#### Try it
In the entries below, find the line with "Xfce Wallpaper" and the line with "في أي قارة تقع"; copy them and every line between them exactly, but not the pictures.

Segment Start: Dataset records

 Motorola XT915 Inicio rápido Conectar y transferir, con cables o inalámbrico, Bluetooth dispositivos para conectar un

Segment End: Dataset records
Segment Start: Dataset records

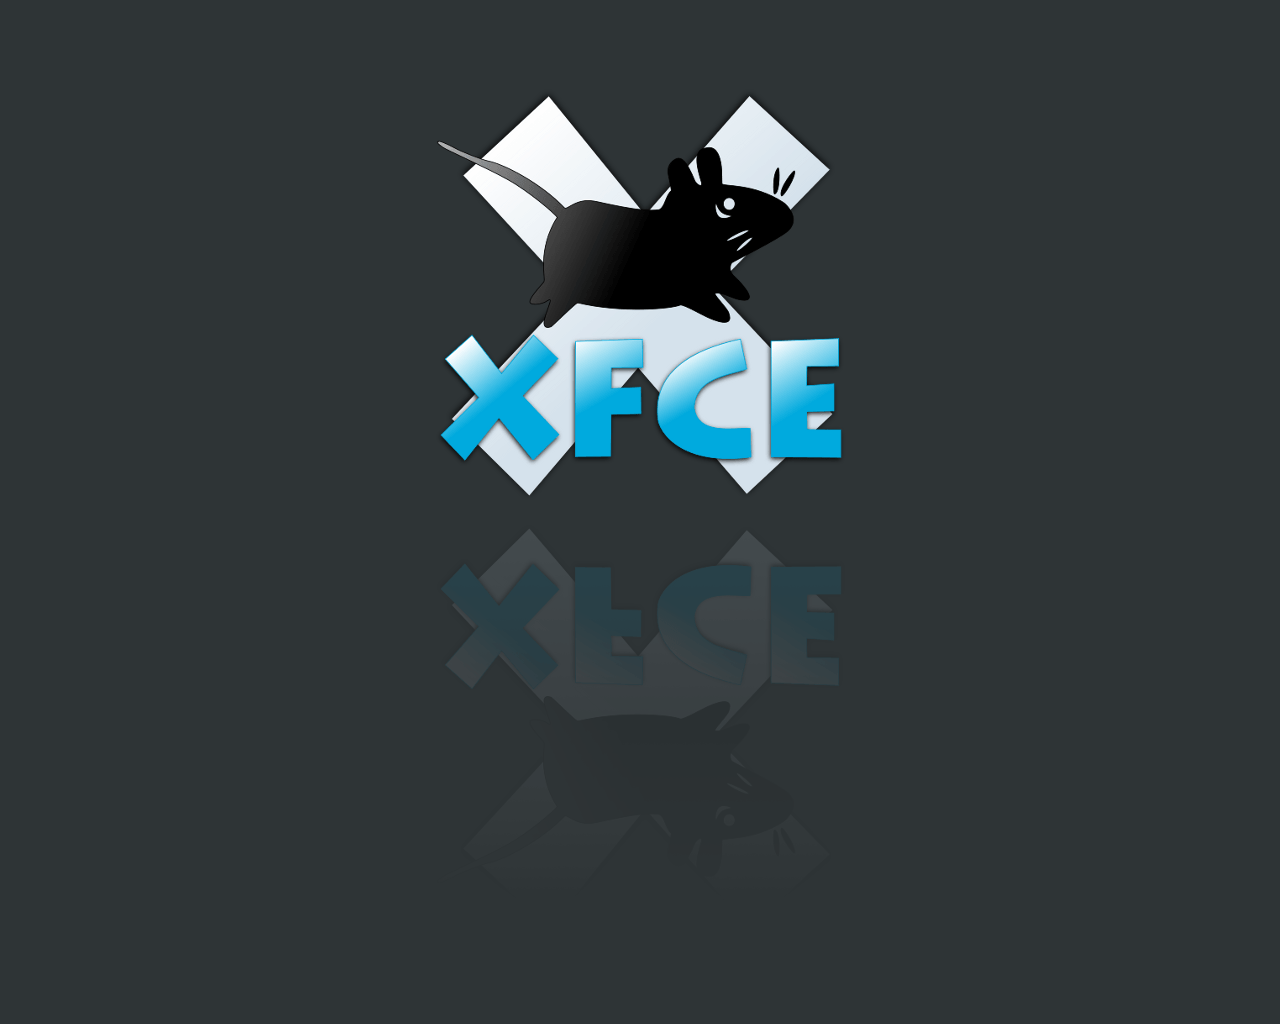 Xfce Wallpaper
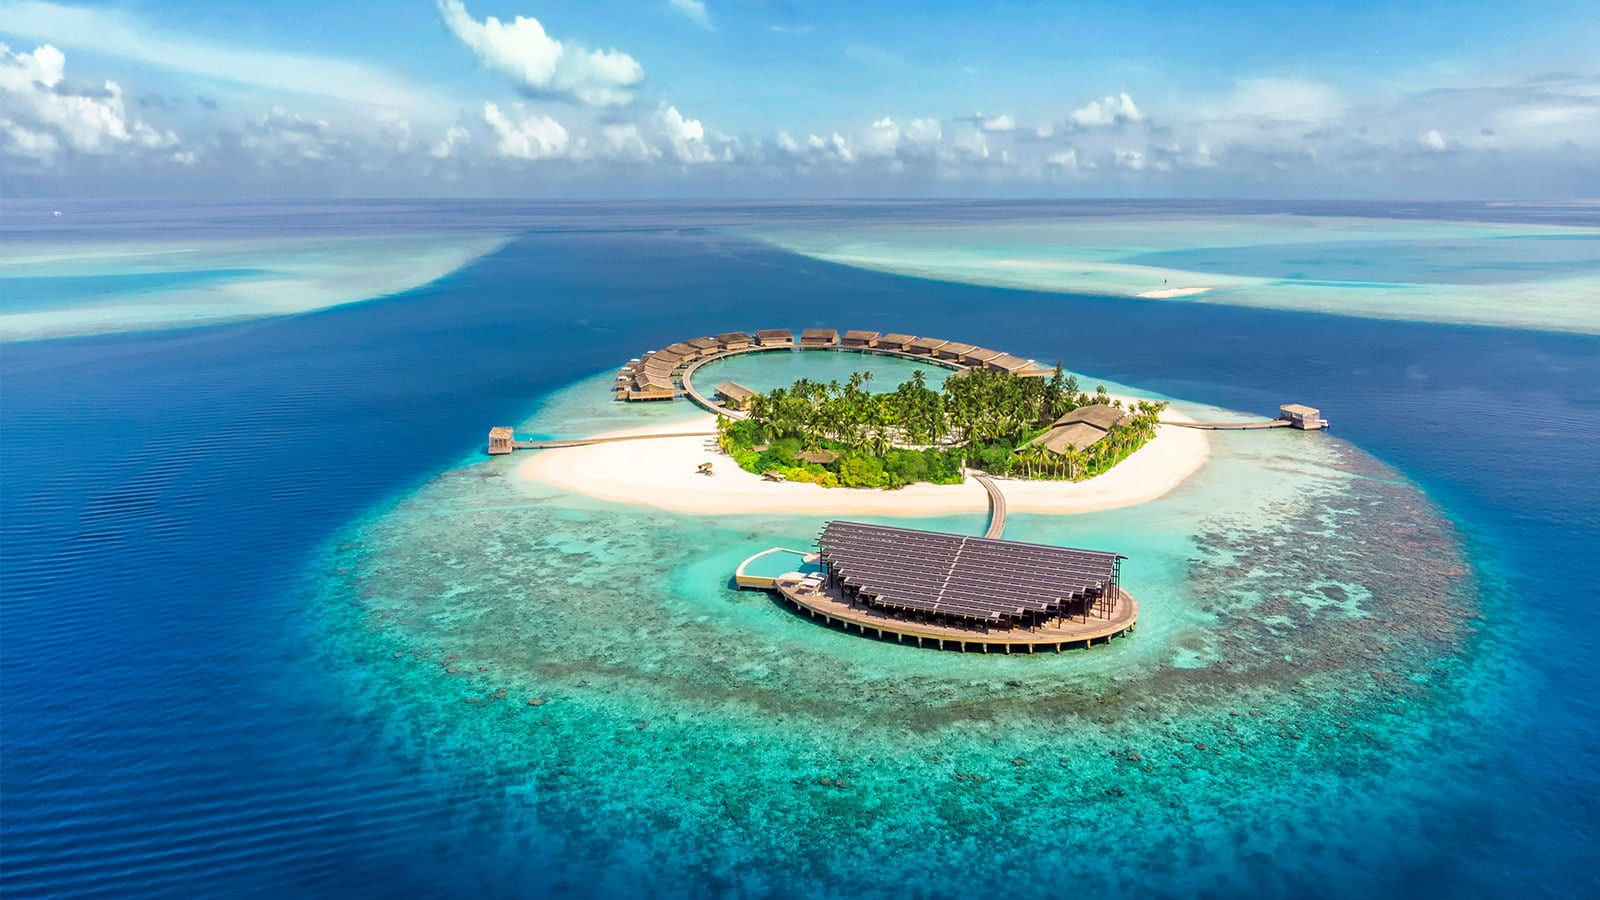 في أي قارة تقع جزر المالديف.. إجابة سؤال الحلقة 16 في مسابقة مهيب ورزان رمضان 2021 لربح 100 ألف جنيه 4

Segment End: Dataset records
Segment Start: Dataset records

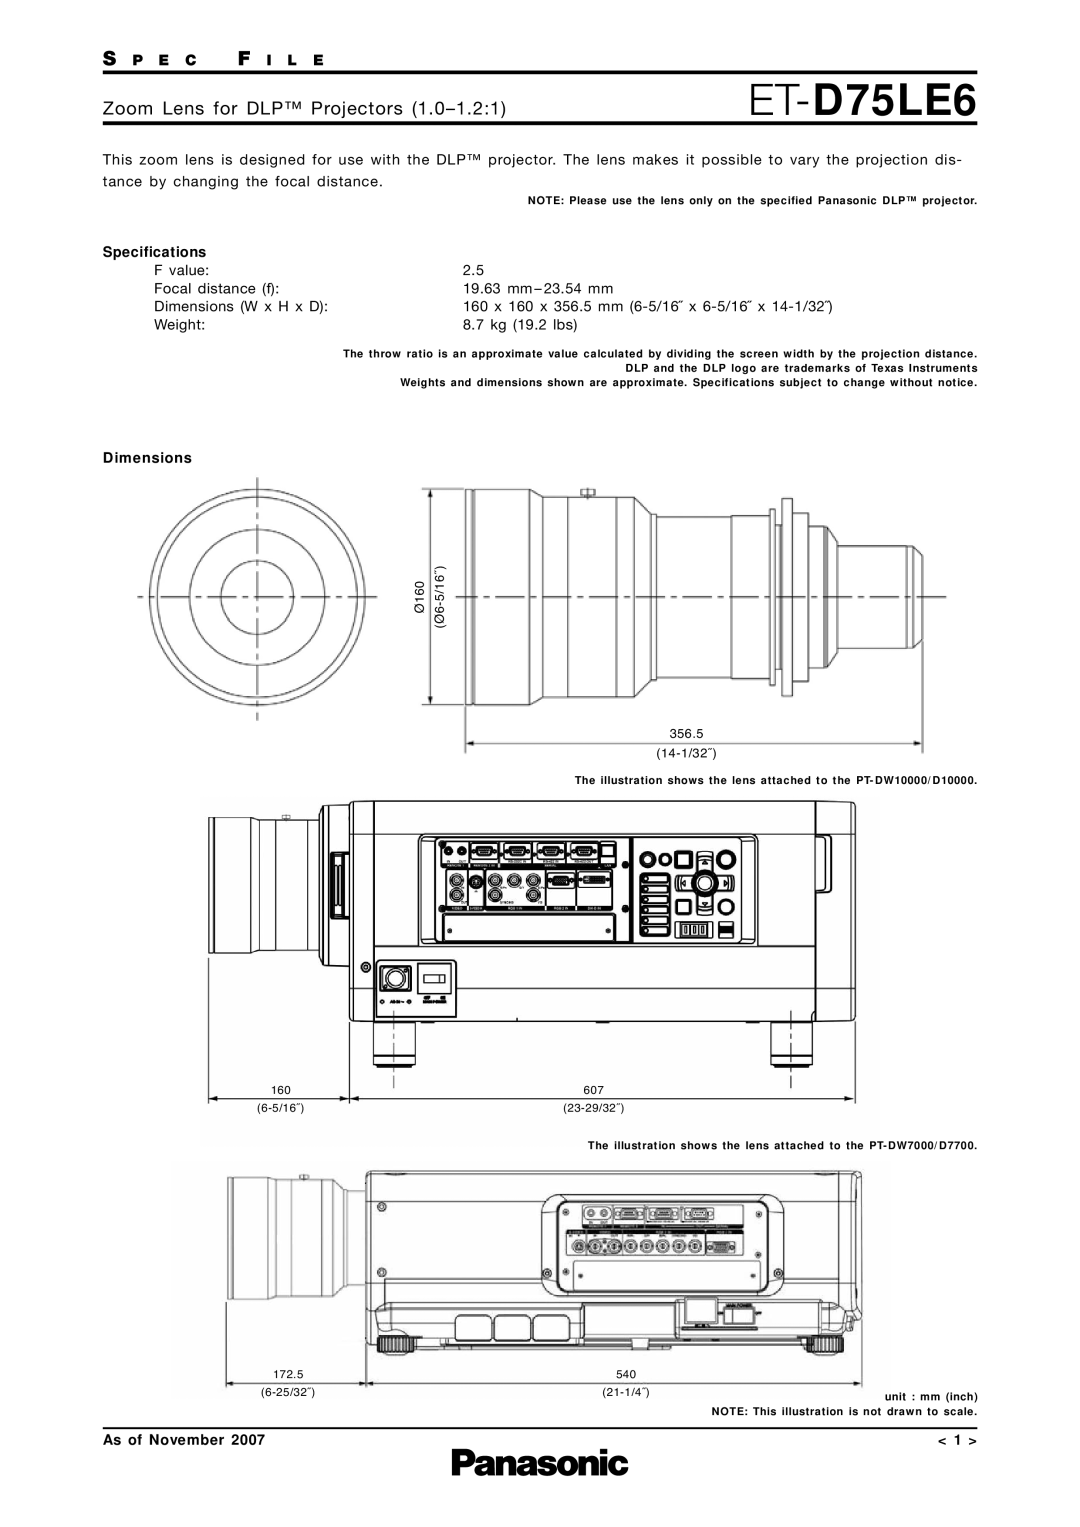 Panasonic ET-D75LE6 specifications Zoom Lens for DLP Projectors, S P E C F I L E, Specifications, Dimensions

Segment End: Dataset records

#### Finished task
 Xfce Wallpaper
 في أي قارة تقع جزر المالديف.. إجابة سؤال الحلقة 16 في مسابقة مهيب ورزان رمضان 2021 لربح 100 ألف جنيه 4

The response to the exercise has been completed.